I would strongly recommend to use specialized statistical software for this. Check for example
edgeR, the user manual has a section on CRISPR screens in paragraph 4.6: www.bioconductor.org/packages/release/bioc/vignettes/edgeR/inst/doc/edgeRUsersGuide.pdf Other standard software such as DESeq2 or limma can probably used as well, but I would try to follow a guided analysis if you are new to this. In any case, avoid custom approaches, there are simply too many pitfalls and results will probably be not robust.
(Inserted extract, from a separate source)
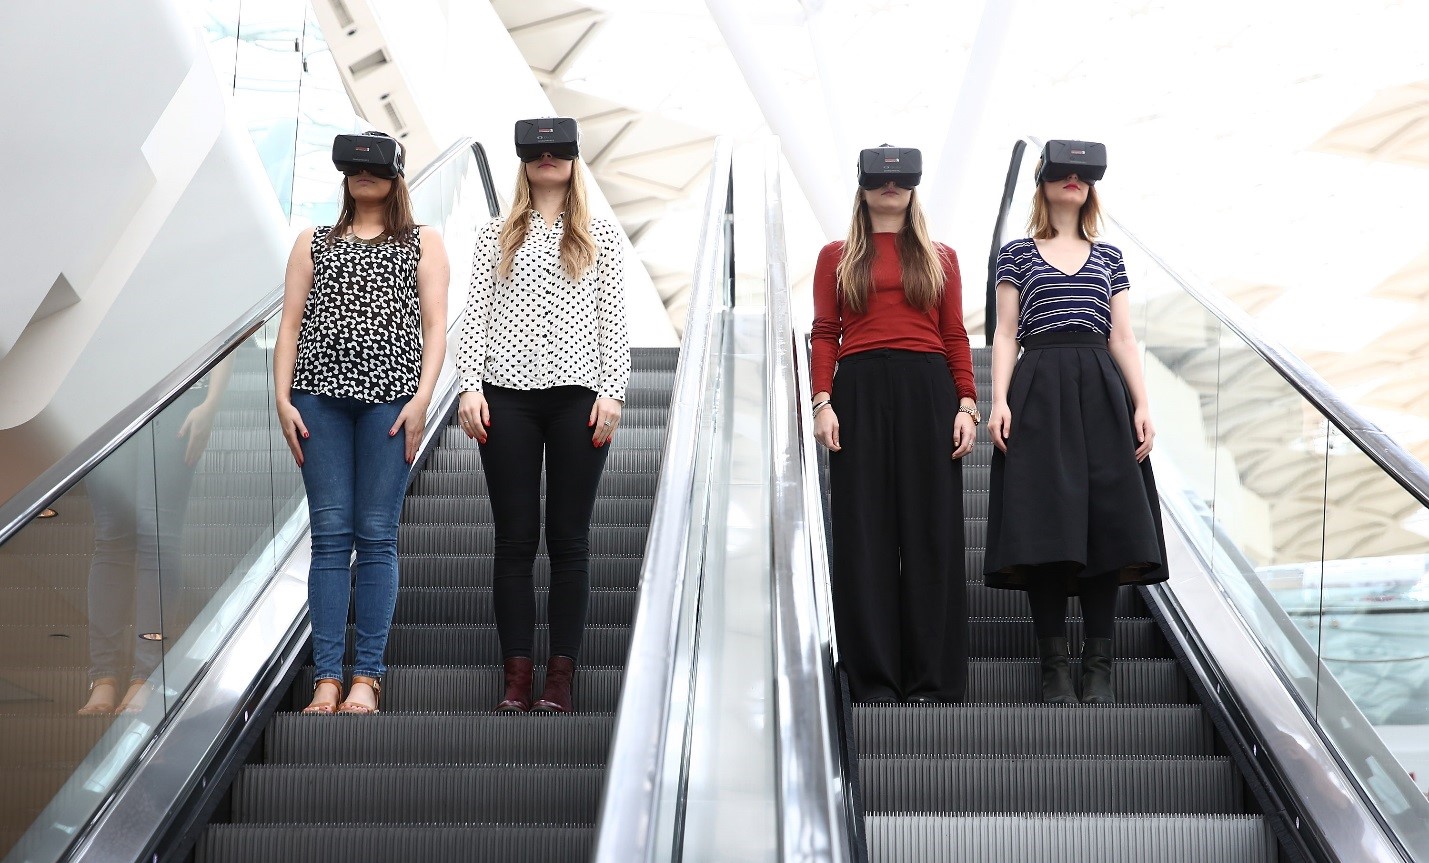 Girls standing on escalators wearing virtual reality headsets – virtual reality shopping – ecommerce trends for online businesses

The naive Wilcox test is capped towards p-values when it comes to low numbers of replicates, no matter how large the effect size is. This plus the necessary multiple testing correction makes it impossible to get significant results with n=2:
> wilcox.test(c(1,2), c(100,200)) Wilcoxon rank sum exact test data: c(1, 2) and c(100, 200) W = 0, p-value = 0.3333 alternative hypothesis: true location shift is not equal to 0 > wilcox.test(c(1,2), c(1000000,2000000)) Wilcoxon rank sum exact test data: c(1, 2) and c(1e+06, 2e+06) W = 0, p-value = 0.3333 alternative hypothesis: true location shift is not equal to 0
From what I understand the main advantage of non-naive methods is that they take dispersion into account which is especially important with a limited (low) number of replicates. It is obviously a difference if your results were like A vs B or like C vs D. The latter is way more reliable. Wilcox p-values would be the same though since ranks of in D and B vs C and A are always higher.
Also artificially large fold changes that arise from genes with low counts should be penalized as they are less reliable than FCs from genes with larger counts. edgeR does all of that.